Carmichael's totient function conjecture

In mathematics, Carmichael's totient function conjecture concerns the multiplicity of values of Euler's totient function φ(n), the function which counts the number of integers less than and coprime to n.

This function φ(n) is equal to 2 when n is one of the three values 3, 4, and 6. It is equal to 4 when n is one of the four values 5, 8, 10, and 12. It is equal to 6 when n is one of the four values 7, 9, 14, and 18. In each case, there is more than one value of n having the same value of φ(n).

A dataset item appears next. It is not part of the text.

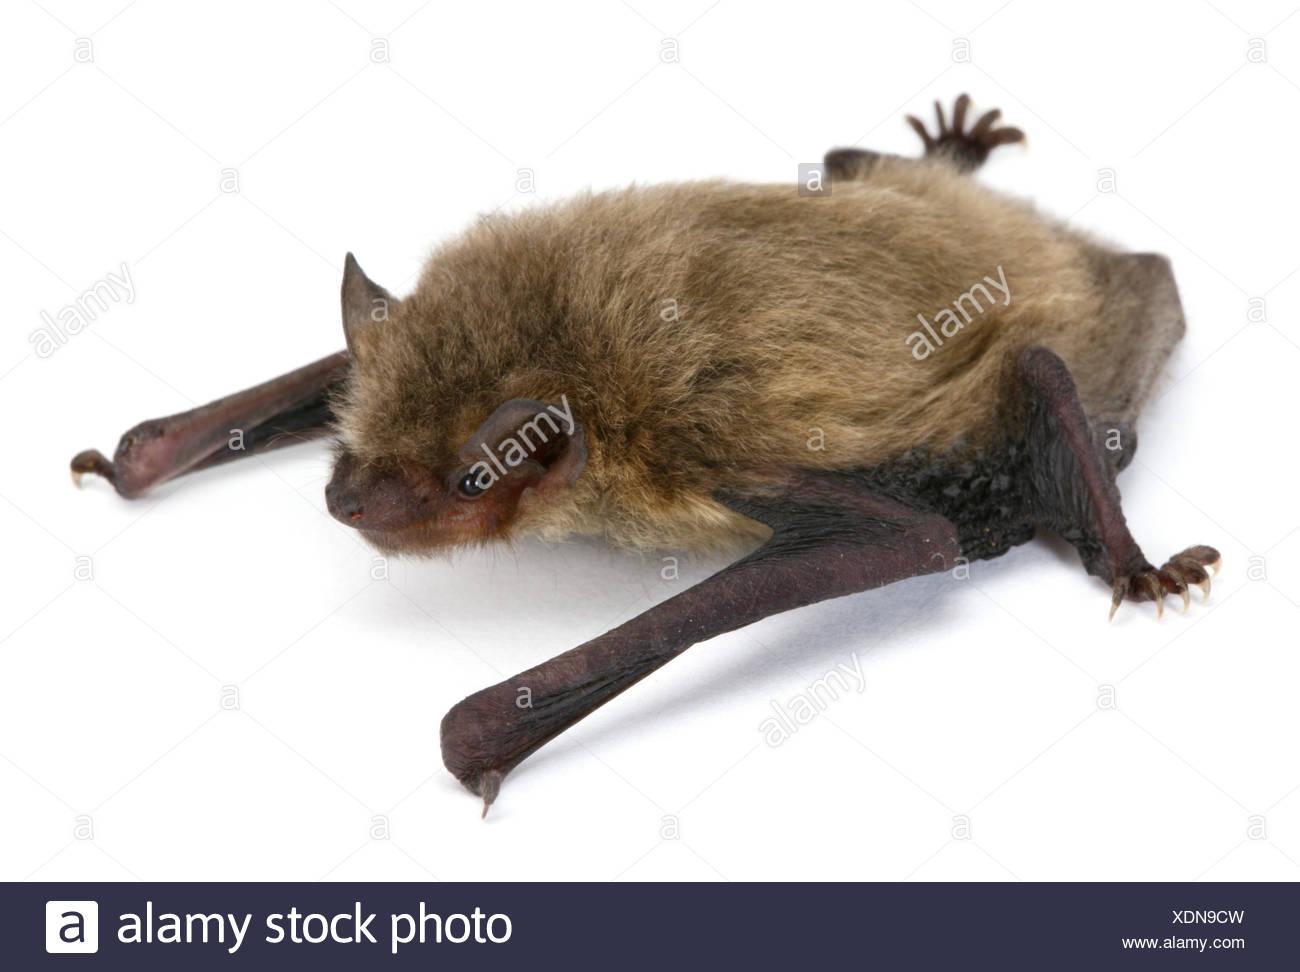 pipistrelle bat uk stock photos pipistrelle bat uk stock images

The conjecture states that this phenomenon of repeated values holds for every n. That is, for every n there is at least one other integer m ≠ n such that φ(m) = φ(n). Robert Carmichael first stated this conjecture 1907, but as a theorem rather than as a conjecture. However, his proof was faulty and in 1922 he retracted his claim and stated the conjecture as an open problem. Carmichael proved that any counterexample to his conjecture (that is, a value n such that φ(n) is different from the totients of all other numbers) must be at least 10³⁷, and Victor Klee extended this result to 10⁴⁰⁰. Carmichael's conjecture has since been verified computationally for all n less than or equal to 10¹⁰⁷ by Schlafly and Wagon.

Another way of stating Carmichael's conjecture is that, if A(f) denotes the number of positive integers n for which φ(n) = f, then A(f) can never equal 1. Relatedly, Wacław Sierpiński conjectured that every positive integer other than 1 occurs as a value of A(f), a conjecture that was proven in 1999 by Kevin Ford.